4 Casu marzu is a Sardinian pecorino cheese which has now been banned by the Italian authorities. It is livid with small maggots. Farmers claim these are just oversized bacteria, but the cheese has been ripened outdoors uncovered and in truth, flies have been laying their eggs all over it. Inevitably, it is considered an aphrodisiac. Some slightly squeamish cheese lovers wrap the cazu in an airtight bag and wait for the noise of wriggling and hatching to stop, then enjoy.

3 The proper way of preparing escargots (snails) for cooking is to starve them for a week, or perhaps feed them only herbs to give them flavour. They should be kept in wooden boxes to help dry them out. They are then covered in salt at which point they begin disgorging and foaming as all their inner juices leak out. They are then cleaned, their pancreases are removed and they are scalded and boiled.
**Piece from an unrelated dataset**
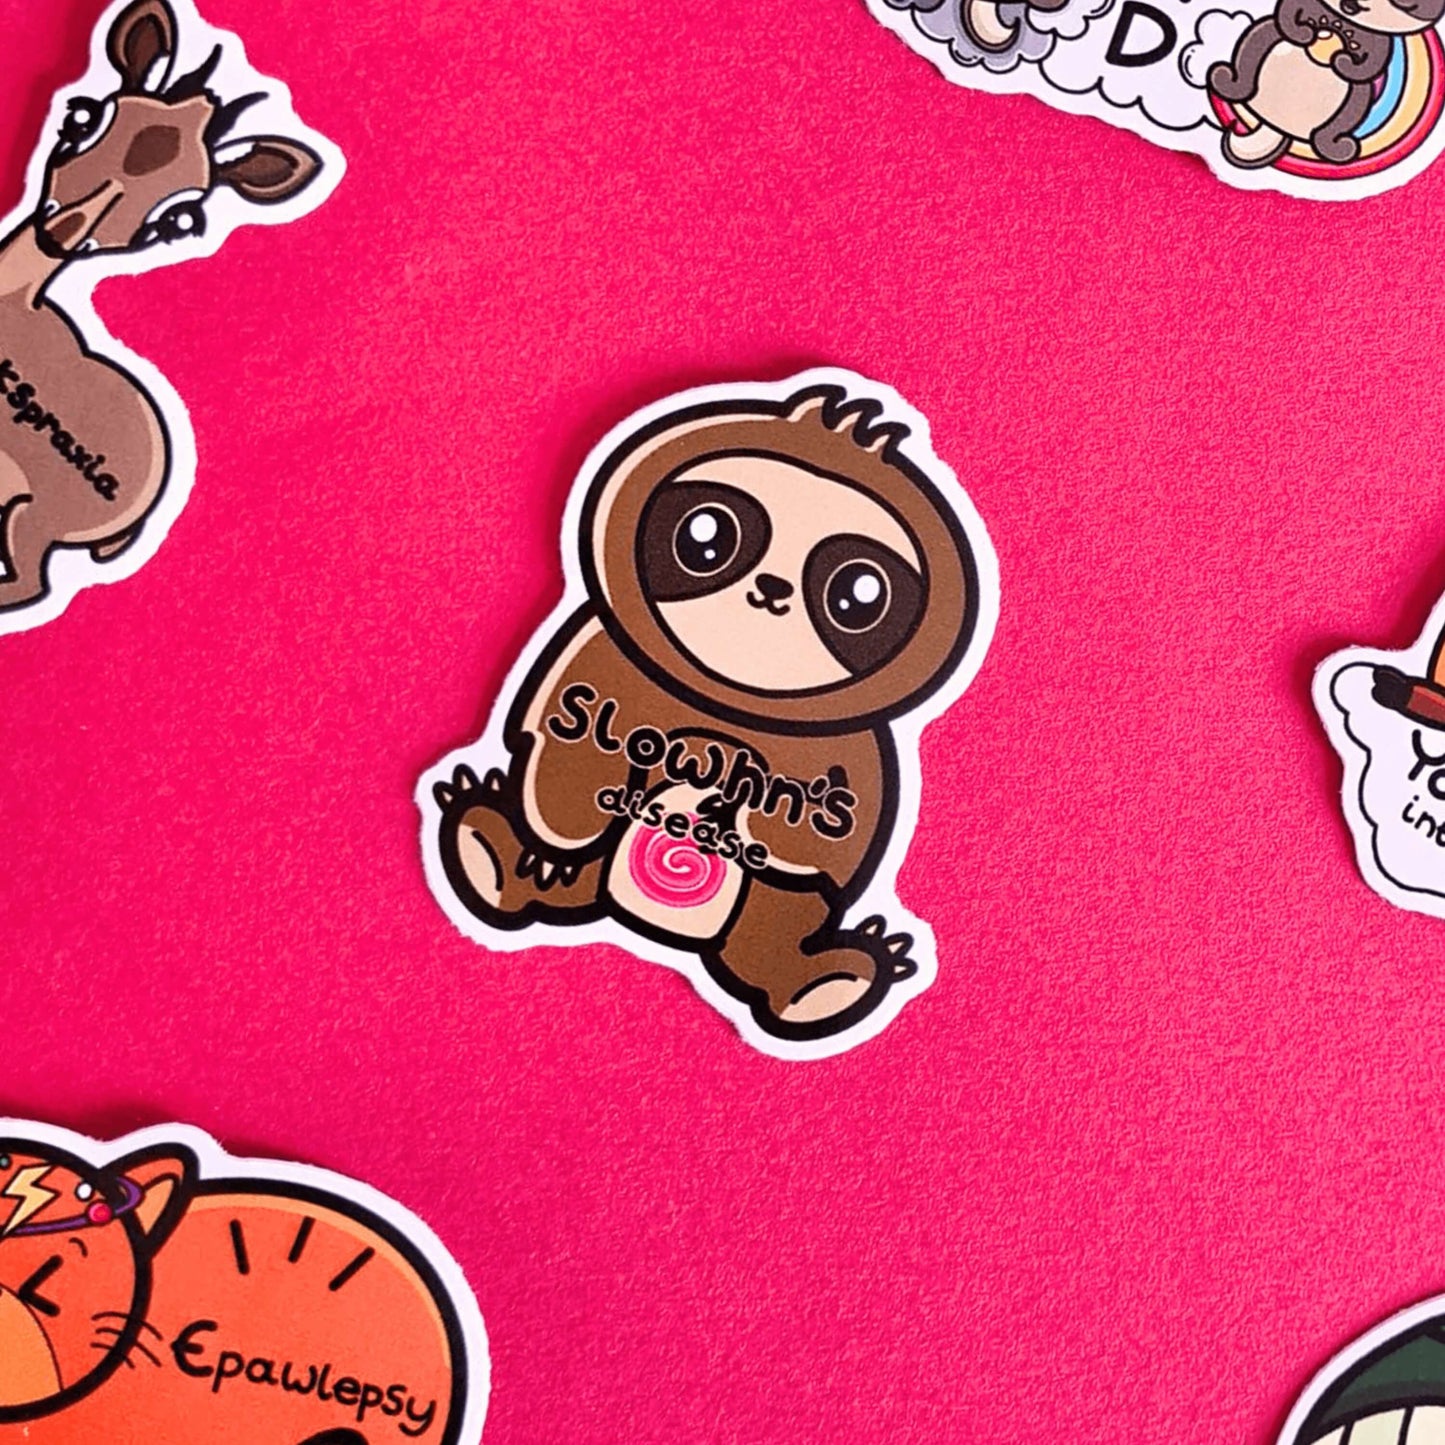 The Slowhn's Disease Sloth Sticker - Crohn's Disease being on a red background with other innabox stickers. The sloth shape sticker is smiling sat down clutching its tummy that has a red swirl and text reading 'slowhn's disease'. The design is raising awareness for crohn's disease.

2 Fancy some cucumber? Not if it’s the brown, cone-like sea cucumber, known also as beche de mer or ho cham. A relation of the sea urchin, it is said to have a bitter taste and a rubbery, gelatinous consistency. Sour, slimy starfish with fries and a shake anyone?

1 Common street food in Cambodia, deep fried tarantulas must be the dish I most hope I never have to try. The legs are crunchy and fibrous, the head contains soft white meat and the abdomen is filled with a cooked brown mush consisting of innards and excrement. Bon appetit!